If AI Is Trained on Your Content Without Permission, What Rights Do You Have and Who’s Accountable? (New York Times v. Microsoft Corporation)
The New York Times Company sued Microsoft and OpenAI in court recently.
Big Tech just received a legal wake-up call. In a high-profile case, The New York Times took on Microsoft and OpenAI over how AI tools like ChatGPT learn from online content, and the court's response could define the future of journalism, copyright, and AI itself. Whether you are a creator, a novice tech user, or just curious about how data machines learn from what you read, this case is one you will want to follow, closely!👇
🏛️ Court: U.S. District Court, Southern District of New York
🗓️ Judgment Date: 4 April 2025
🗂️ Case Number: No. 23-CV-11195 (SHS), 2025 WL 1009179
🔍 Legal Issue in New York Times Company v. Microsoft Corporation
In New York Times Company v. Microsoft Corporation, the groundbreaking question was considered: Can tech giants legally use news articles to train artificial intelligence (AI) without permission?
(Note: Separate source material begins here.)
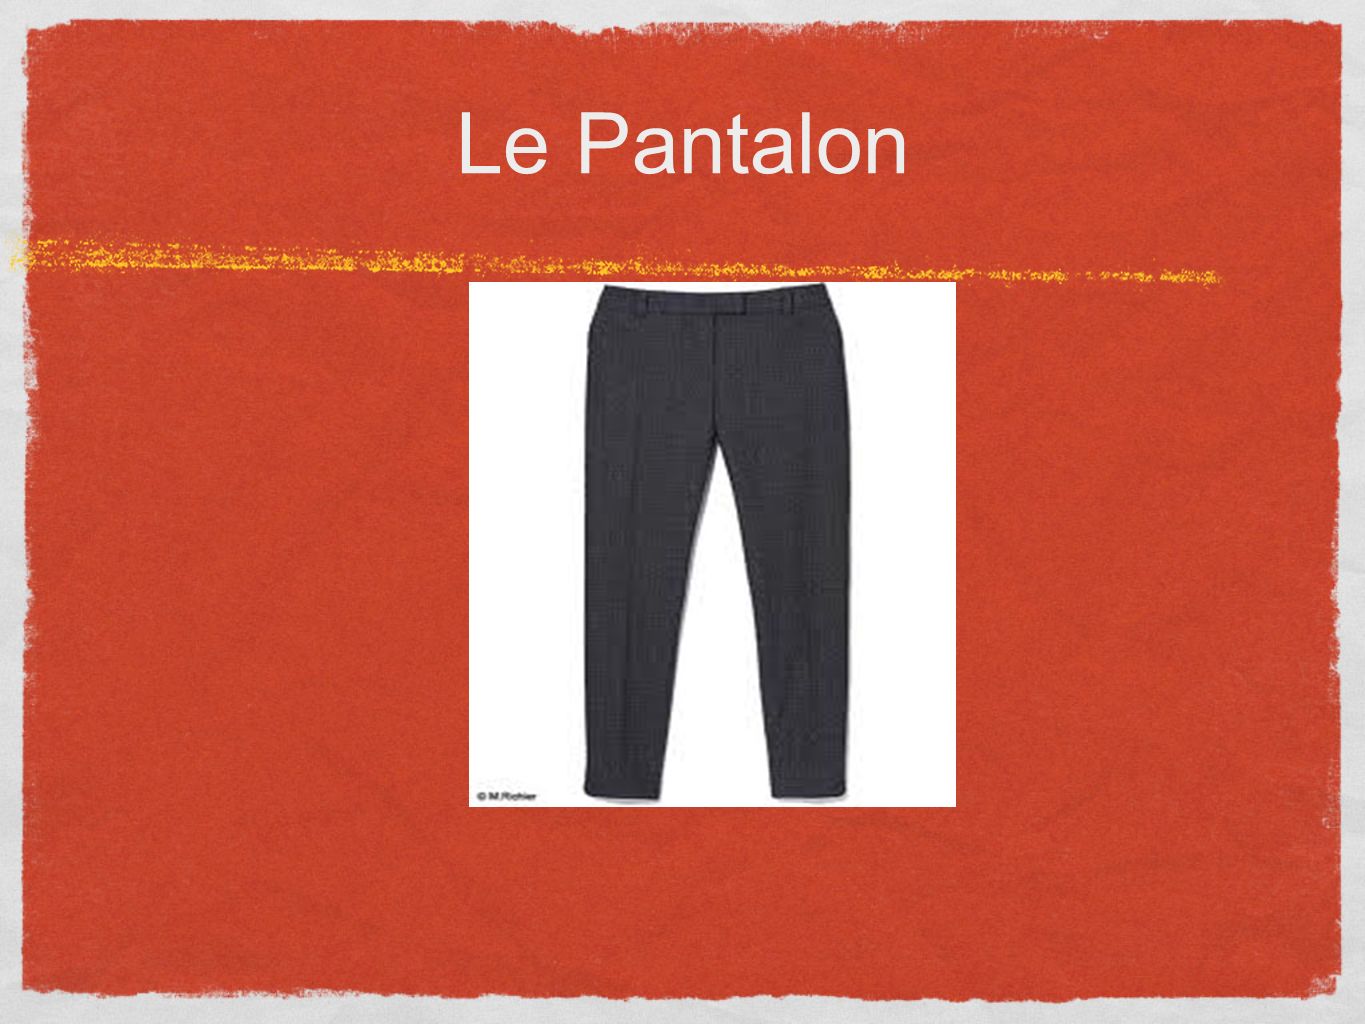 Le Pantalon

This case pits respected news organizations like The New York Times against Microsoft and OpenAI, creators of powerful AI systems such as ChatGPT.
The journalists from the New York Times allege that their original reporting, often paywalled or copyrighted, was “scraped” and fed into AI systems that now spit out summaries, rewrites, or even near-verbatim reproductions of their work.
Essentially, the media groups are saying: “Hey, that’s our hard-earned content! You didn’t ask, and now you are profiting from it.”
This raises several complex legal issues, such as:
❓ Direct copyright infringement: Did AI developers unlawfully copy the content during training?
🤝 Contributory and vicarious infringement: Are Microsoft and OpenAI responsible for what users do with their AI tools?
🚫 DMCA violations: Was copyright info deliberately stripped from articles to hide the origin?
⚖️ “Hot news” misappropriation: Did the companies unfairly capitalize on time-sensitive news?
🌐 Standing and timeliness: Did the publishers wait too long to bring their claims?
This lawsuit does not just affect journalists or tech firms; it could impact how all of us use and interact with AI-powered tools in the future.
Are we heading for a world where bots can remix anything online without credit or cash? Or will copyright laws be redrawn to protect human creativity in the AI age? 🤔
Material Facts – New York Times Company v. Microsoft Corporation
The New York Times Company, along with Daily News LP and the Center for Investigative Reporting, filed lawsuits against Microsoft and OpenAI, accusing them of misusing their news content to train AI tools like ChatGPT and Copilot.
Between 2020 and 2024, OpenAI developed increasingly sophisticated large language models (LLMs), including GPT-4, which became integrated into Microsoft products such as Bing Chat and Office Copilot. These AI systems were trained on enormous datasets scraped from the internet—datasets that, according to the plaintiffs, included their copyrighted news articles, often taken from behind paywalls.
The media organizations alleged that OpenAI and Microsoft used automated scraping tools to extract and ingest their journalism into the AI training pipelines.
What made this more concerning was the claim that the tools removed or altered copyright management information (CMI), like author names and copyright notices, during the process. The result? Users could ask AI tools about news topics and receive direct answers or summaries that echoed (and in some cases nearly replicated) the original content without attribution or a link to the source.
The plaintiffs presented more than 100 examples of AI outputs that closely resembled or outright quoted their work. Some outputs, they claimed, appeared to “regurgitate” original articles nearly word-for-word, with no mention of the original publisher. This behaviour wasn’t an isolated glitch; it occurred after the tools were publicly released and widely used by millions of people around the world.